Walker has been charged in a federal criminal complaint with conspiring to kill U.S. citizens, providing material support and resources to terrorists, and engaging in prohibited transactions with the Taliban regime.

If convicted, he could received a maximum life prison sentence.

Cmdr. Keesee declined to comment on plans to transport Walker. "His status remains unchanged aboard the USS Bataan," he said. "I can't talk about any details regarding his transfer. Those will be revealed once that has taken place."

Cmdr. Keesee said the Marine patrols are taking place in several areas throughout Afghanistan, which he declined to detail.

The Central Command spokesman also said there have been no aerial bombing raids since Jan. 14.

"And there have been no attacks over the last 24 hours," he said.

Currently, the number of al Qaeda and Taliban prisoners in U.S. custody in Afghanistan is 274, Cmdr. Keesee said.
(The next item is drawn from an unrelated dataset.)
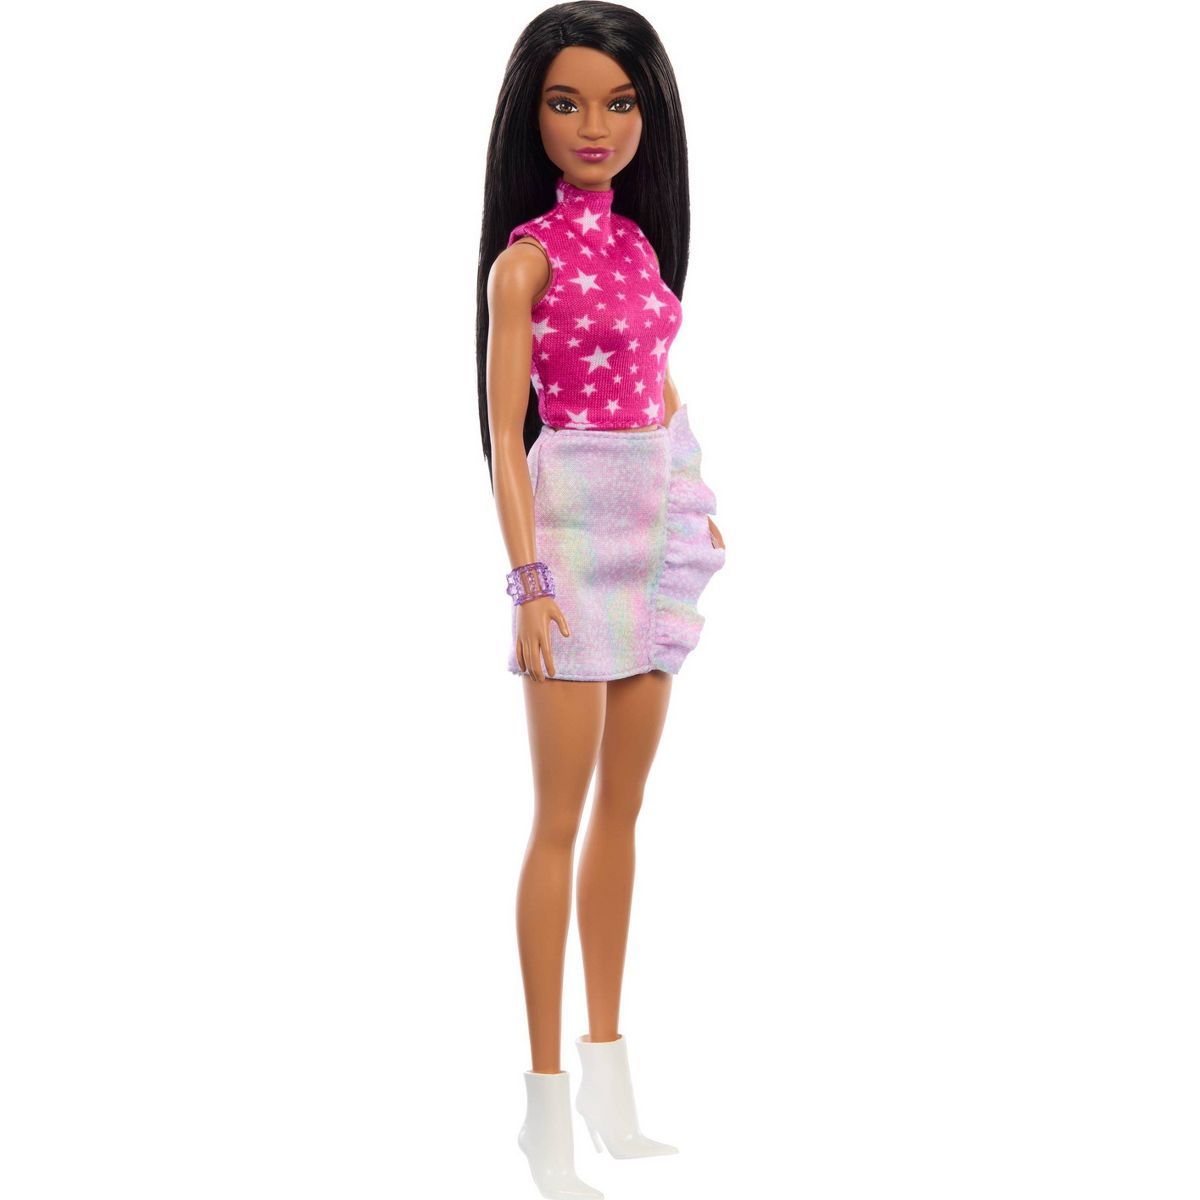 Barbie Fashionista Doll Rock Pink And Metallic | Target

A group of 34 more detainees including six Algerians captured in Bosnia arrived at the U.S. Navy base at Guantanamo Bay, Cuba, on Sunday.

Yesterday, a group of 14 new prisoners from Afghanistan arrived in Cuba on stretchers. A military spokesman said the prisoners had wounds from battles in Afghanistan, and the Marines carrying them wore yellow latex gloves and surgical masks.

The new arrivals yesterday bring the total number of prisoners at the base in Cuba to 158.

Cmdr. Keesee would not disclose whether any senior al Qaeda and Taliban leaders have been captured recently by U.S. forces. "We can't comment on that; we're only talking about total numbers [of detainees]."

Cmdr. Keesee also said the military is continuing to investigate the crash of a Marine CH-53E helicopter. Officials have said preliminary indications show the helicopter crashed north of Kabul on Saturday as a result of mechanical problems.

The two Marines killed in the crash were identified by the Pentagon as Staff Sgt. Walter F. Cohee III, 26, from Wicomico, Md., and Staff Sgt. Dwight J. Morgan, 24, from Mendocino, Calif.

Five other Marines were injured in the crash including the pilots, Capt. William J. Cody, 30, of Old Bridge, N.J., and Capt. Douglas V. Glasgow, 33, of Wooster, Ohio; also crew chief Cpl. David J. Lynne, 23, of Mecklenburg, N.C.; helicopter mechanic Cpl. Ivan A. Montanez, 22, of Hayes, Texas; and crew chief Cpl. Stephen A. Sullivan, 24, of Pickens, S.C.

The Pentagon said there was no immediate sign the helicopter was brought down by enemy fire.

Cmdr. Keesee said troops of the 101st Airborne are continuing to deploy to the Kandahar base. They took control of the base from Marines on Saturday.

So far about 1,000 of the paratroopers are there and an additional 1,000 to 1,500 will be added in coming days, military spokesmen said.